Banks make life difficult on bond cancellations

Lanice Steward, MD of Anne Porter Properties, has warned bondholders who are planning to cancel their bonds (usually as a result of selling the property) that for a year or longer certain banks – not all – have been “making things very difficult”.

“The first of the new rulings now applied,” she said, “is that it is necessary to give three months prior notice of cancellation. This gives rise to numerous problems, the most obvious of which is that in today’s market it may well be impossible to sell your home in three months.

“When that happens, some banks, we have found, are understanding and will roll over the bond and delay cancellation. Others, however, now require the bondholder to submit a further cancellation notice for another three months.”

One bank, said Steward, has gone so far as to intimate to a seller that when the three month notice period ends they will go ahead and cancel the bond whether or not the house is sold.

This, said Steward, could be problematical because, on reapplying for a bond, many current bondholders could find that under the new National Credit Act they no longer qualify for a loan at the previous level.

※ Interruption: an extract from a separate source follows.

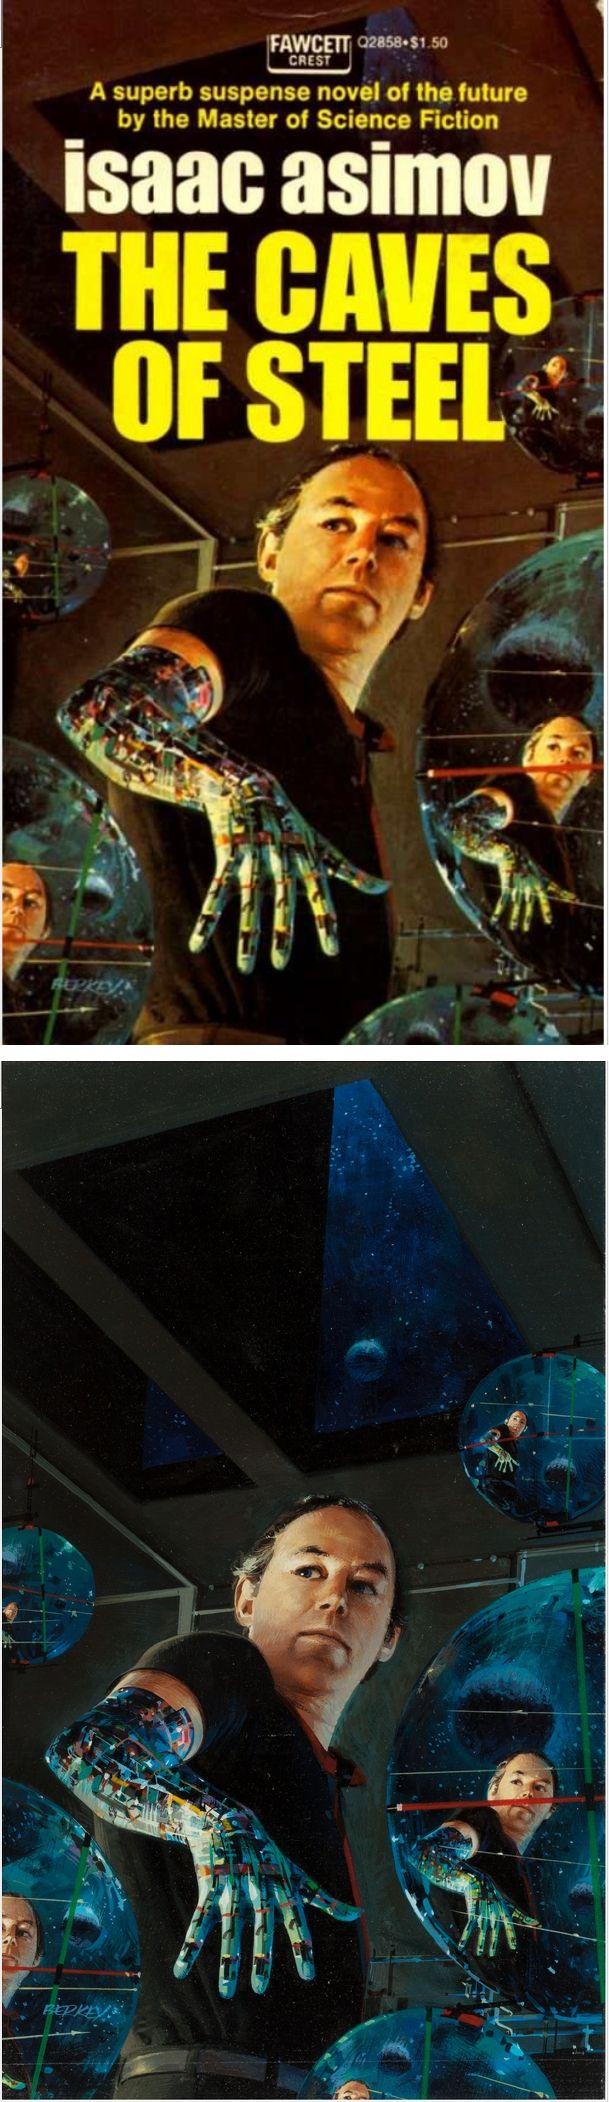 JOHN BERKEY - The Caves of Steel by Isaac Asimov - 1989 Fawcett Books - items by fineart.ha
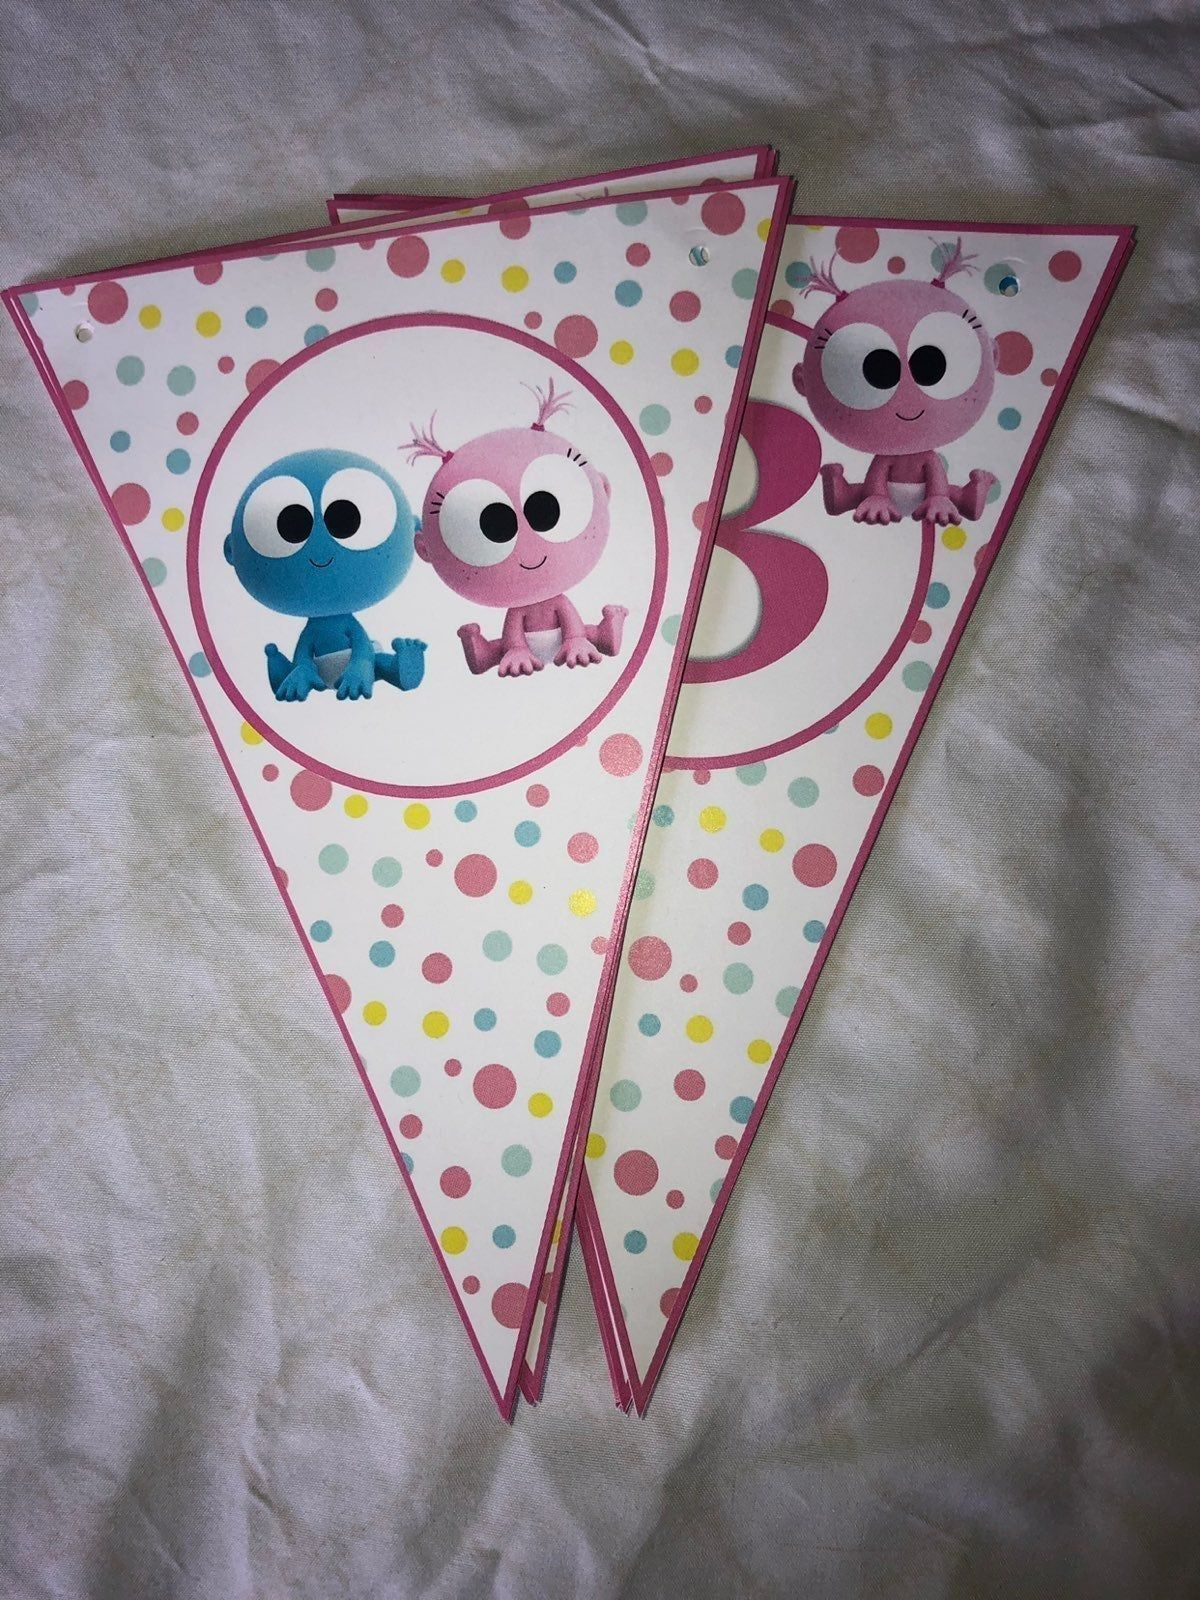 Goo Goo And Gaa Gaa : BabyFirst, Banner, Happy, Birthdays,, Birthday, Banners,, Daughter

If a bondholder does not give three months notice and cannot delay the sale for that amount of time, many banks, said Steward, now charge excessively high cancellation fees although some are prepared to waive these if the bondholder takes out his next bond with them.

“Many of us in the real estate sector,” said Steward, “can see absolutely no justification for a cancellation fee because the costs of speeding up a cancellation are minimal. It is particularly unjust if the bondholder has been a regular payer. The whole setup appears to us to be simply a way to earn extra revenue for the bank.”

What, therefore, should a bondholder planning to sell his home do?

Steward advises such people to go to their banks and find out directly what policy is being applied. The answer, she adds, should be in writing and should come from the correctly authorised person – there have been cases where a subordinate did not give the same ruling as his superiors and in one instance the court then ruled in favour of the bank despite the bondholder having been misinformed.

When a bondholder cancels his bond, adds Steward, it is important to get a receipt confirming that the bank acknowledges the cancellation.

“Regrettably today’s bank clerical systems are not always efficient.”

“Once the cancellation criteria have been established,” Steward added, “the seller must ensure that the transfer date on the Agreement of Sale does not allow for cancellation fees to be payable.”